1. An antique spring-driven Victrola phonograph plays recordings at 78 rpm. At the end of each record the arm hits a lever that activates a brake that brings the record to rest in 1.3 s. Through how many radians does it turn in the process of stopping?

You have an angular velocity, [itex]\omega=78[/itex] rpm and a time [itex]t=1.3[/itex] s, so then either convert [itex]\omega[/itex] into revolutions per second or [itex]t[/itex] into minutes, multiply the two then convert from revolutions to radians.


wellz121 said:
2. Placed on a long incline, a wheel is released from rest and rolls for 30.0 s until it reaches a speed of 11.0 rad/s. Assume its acceleration is constant, what angle did it turn through?

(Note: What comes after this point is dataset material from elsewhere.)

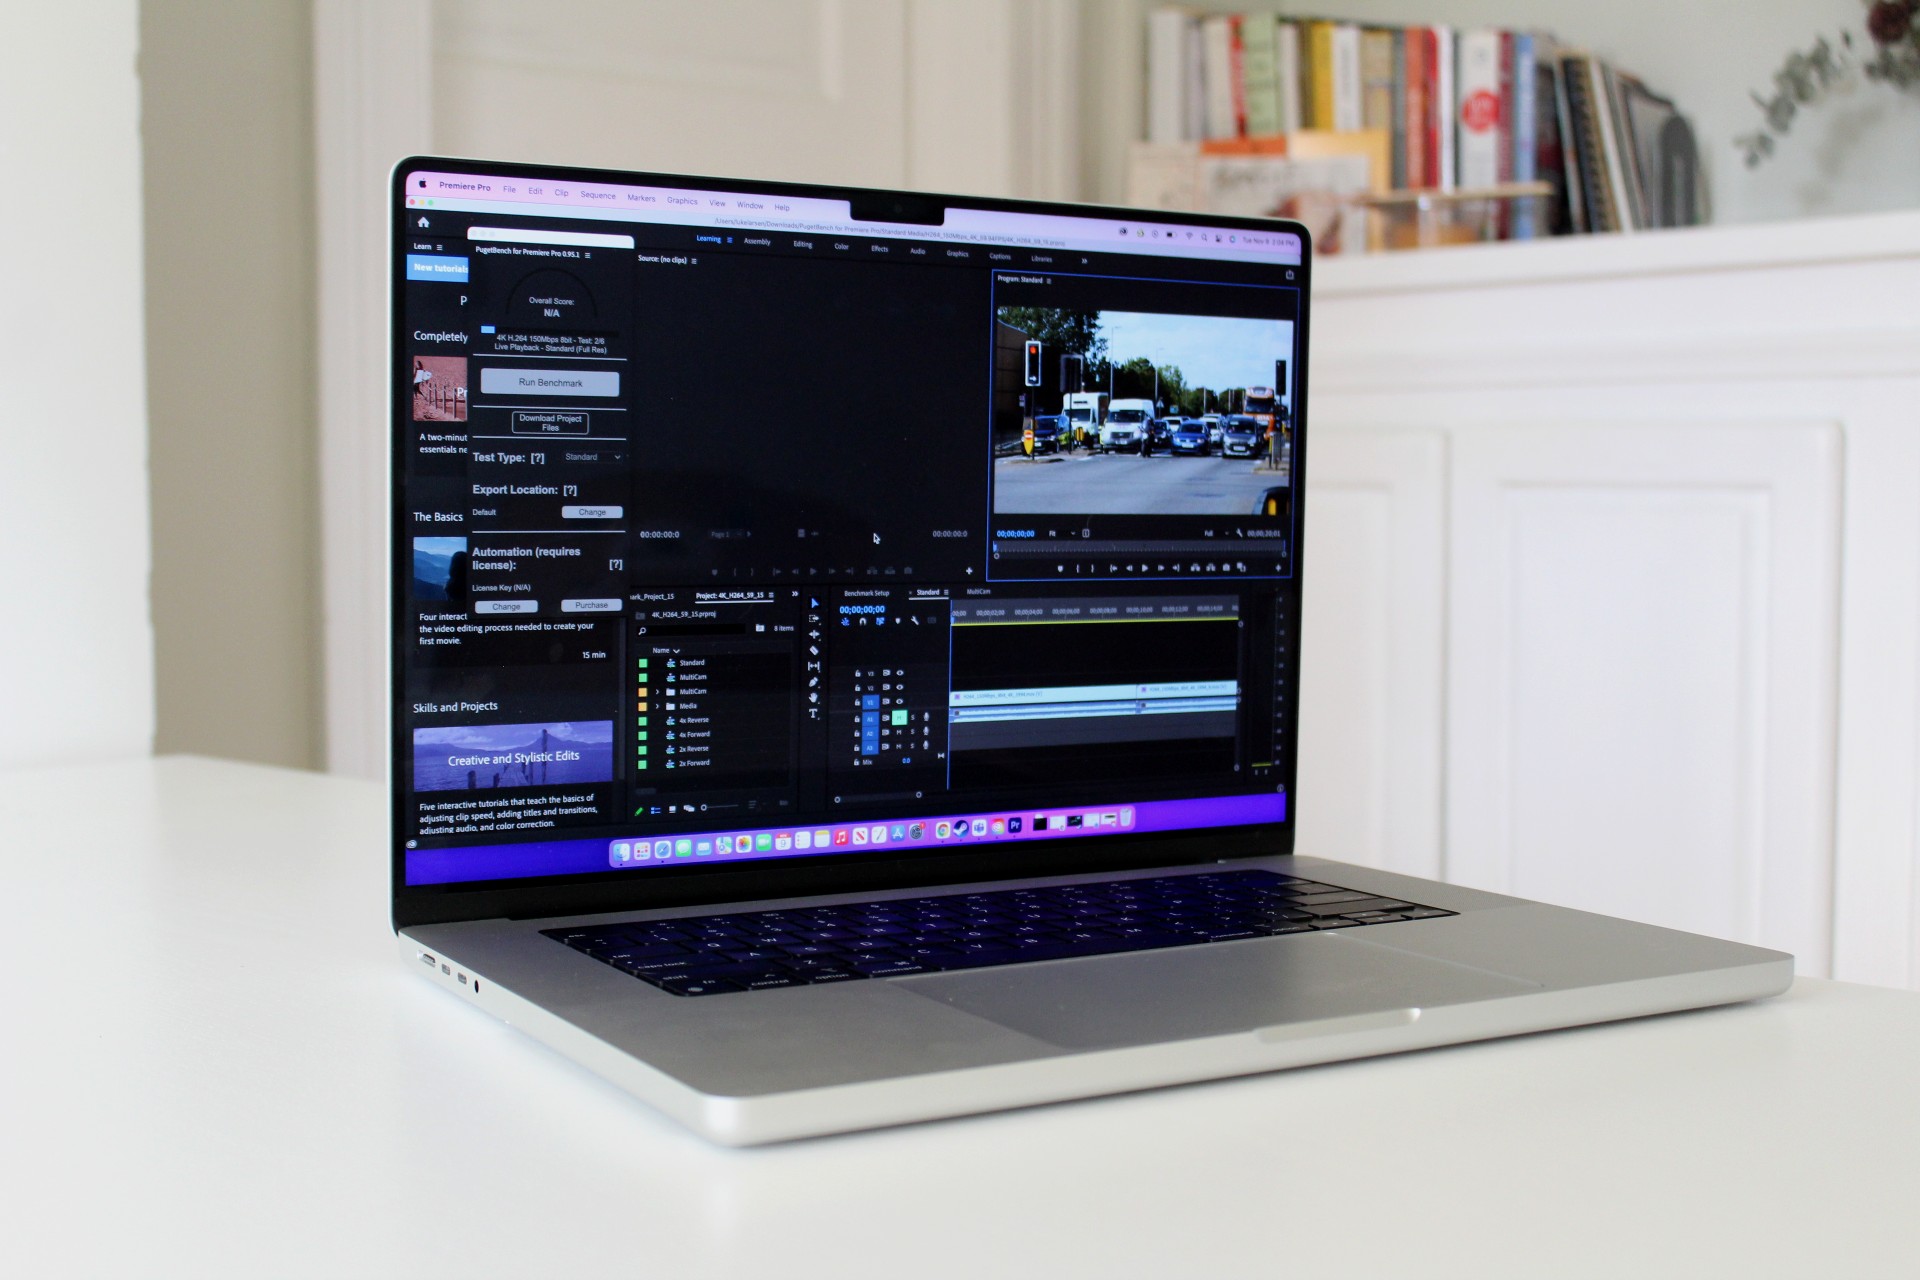 Review: Apple's M1 MacBook Air and M1 MacBook Pro [Video] - 9to5Mac

You're given an initial and final angular velocity, [itex]\omega_i=0[/itex] and [itex]\omega_f=11[/itex] rad/s respectively. If you subtract the initial angular velocity from the final angular velocity, [itex]\omega_f-\omega_i[/itex] and then divide by the time given, you will have the angular acceleration, [itex]\alpha[/itex]. Using [itex]\alpha[/itex], [itex]\omega_i[/itex], [itex]t[/itex], you should put it into the rotational kinematic equation

[tex] \theta=\omega_it+\frac{1}{2}\alpha t^2[/tex]

then you can find the total angle through which it rotated in the motion.

wellz121 said:
3. What is the average angular speed of the Earth in its orbit? Take a year to be 365.24 days. Give your answer to three significant figures.

The Earth travels [itex]2\pi[/itex] radians per year. If you convert days into hours into minutes, you can divide the angle, [itex]2\pi[/itex], by the time to get radians per minute. Then convert radians into revolutions so that you'll have revolutions per minute.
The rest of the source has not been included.